- Task to complete:
Set down exactly the lines below between the line holding "Truants From Life by Bruno Bettelheim" and the line holding "Adding flour and", inclusive; no other line belongs in the answer.

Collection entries
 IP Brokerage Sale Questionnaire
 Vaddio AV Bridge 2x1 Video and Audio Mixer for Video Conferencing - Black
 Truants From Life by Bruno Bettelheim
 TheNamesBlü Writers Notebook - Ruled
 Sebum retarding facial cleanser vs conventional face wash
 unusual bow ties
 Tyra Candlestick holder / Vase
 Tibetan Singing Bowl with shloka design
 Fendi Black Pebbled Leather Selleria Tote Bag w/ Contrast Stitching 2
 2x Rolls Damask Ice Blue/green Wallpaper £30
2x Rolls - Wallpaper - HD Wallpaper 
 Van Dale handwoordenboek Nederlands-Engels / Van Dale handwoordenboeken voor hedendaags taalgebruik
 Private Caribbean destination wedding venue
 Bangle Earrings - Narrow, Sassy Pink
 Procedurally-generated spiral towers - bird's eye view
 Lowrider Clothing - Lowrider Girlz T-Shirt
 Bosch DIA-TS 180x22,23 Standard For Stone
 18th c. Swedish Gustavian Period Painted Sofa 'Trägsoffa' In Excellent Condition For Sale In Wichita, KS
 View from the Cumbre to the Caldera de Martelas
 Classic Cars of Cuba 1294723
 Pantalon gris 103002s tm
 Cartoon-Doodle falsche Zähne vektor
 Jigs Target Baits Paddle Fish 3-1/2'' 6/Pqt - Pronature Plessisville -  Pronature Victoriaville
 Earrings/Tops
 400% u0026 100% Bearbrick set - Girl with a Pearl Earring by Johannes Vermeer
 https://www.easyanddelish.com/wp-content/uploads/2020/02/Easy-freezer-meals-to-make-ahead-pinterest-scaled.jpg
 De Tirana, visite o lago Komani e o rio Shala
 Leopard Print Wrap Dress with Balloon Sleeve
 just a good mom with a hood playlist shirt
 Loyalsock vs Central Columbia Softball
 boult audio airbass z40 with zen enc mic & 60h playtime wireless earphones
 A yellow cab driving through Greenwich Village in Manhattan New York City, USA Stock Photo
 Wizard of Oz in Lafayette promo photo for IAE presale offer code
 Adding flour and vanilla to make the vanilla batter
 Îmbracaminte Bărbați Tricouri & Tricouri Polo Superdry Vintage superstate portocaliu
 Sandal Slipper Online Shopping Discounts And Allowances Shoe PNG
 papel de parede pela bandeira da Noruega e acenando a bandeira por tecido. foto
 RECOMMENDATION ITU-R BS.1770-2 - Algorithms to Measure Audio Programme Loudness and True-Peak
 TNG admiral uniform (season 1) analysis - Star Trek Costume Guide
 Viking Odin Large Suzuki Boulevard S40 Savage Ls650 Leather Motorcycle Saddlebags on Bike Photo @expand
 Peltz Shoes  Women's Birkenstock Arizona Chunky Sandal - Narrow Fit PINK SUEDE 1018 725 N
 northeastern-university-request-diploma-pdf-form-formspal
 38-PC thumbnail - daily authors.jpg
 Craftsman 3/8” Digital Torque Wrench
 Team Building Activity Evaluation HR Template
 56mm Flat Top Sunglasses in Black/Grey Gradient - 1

- Task response:
 Truants From Life by Bruno Bettelheim
 TheNamesBlü Writers Notebook - Ruled
 Sebum retarding facial cleanser vs conventional face wash
 unusual bow ties
 Tyra Candlestick holder / Vase
 Tibetan Singing Bowl with shloka design
 Fendi Black Pebbled Leather Selleria Tote Bag w/ Contrast Stitching 2
 2x Rolls Damask Ice Blue/green Wallpaper £30
2x Rolls - Wallpaper - HD Wallpaper 
 Van Dale handwoordenboek Nederlands-Engels / Van Dale handwoordenboeken voor hedendaags taalgebruik
 Private Caribbean destination wedding venue
 Bangle Earrings - Narrow, Sassy Pink
 Procedurally-generated spiral towers - bird's eye view
 Lowrider Clothing - Lowrider Girlz T-Shirt
 Bosch DIA-TS 180x22,23 Standard For Stone
 18th c. Swedish Gustavian Period Painted Sofa 'Trägsoffa' In Excellent Condition For Sale In Wichita, KS
 View from the Cumbre to the Caldera de Martelas
 Classic Cars of Cuba 1294723
 Pantalon gris 103002s tm
 Cartoon-Doodle falsche Zähne vektor
 Jigs Target Baits Paddle Fish 3-1/2'' 6/Pqt - Pronature Plessisville -  Pronature Victoriaville
 Earrings/Tops
 400% u0026 100% Bearbrick set - Girl with a Pearl Earring by Johannes Vermeer
 https://www.easyanddelish.com/wp-content/uploads/2020/02/Easy-freezer-meals-to-make-ahead-pinterest-scaled.jpg
 De Tirana, visite o lago Komani e o rio Shala
 Leopard Print Wrap Dress with Balloon Sleeve
 just a good mom with a hood playlist shirt
 Loyalsock vs Central Columbia Softball
 boult audio airbass z40 with zen enc mic & 60h playtime wireless earphones
 A yellow cab driving through Greenwich Village in Manhattan New York City, USA Stock Photo
 Wizard of Oz in Lafayette promo photo for IAE presale offer code
 Adding flour and vanilla to make the vanilla batter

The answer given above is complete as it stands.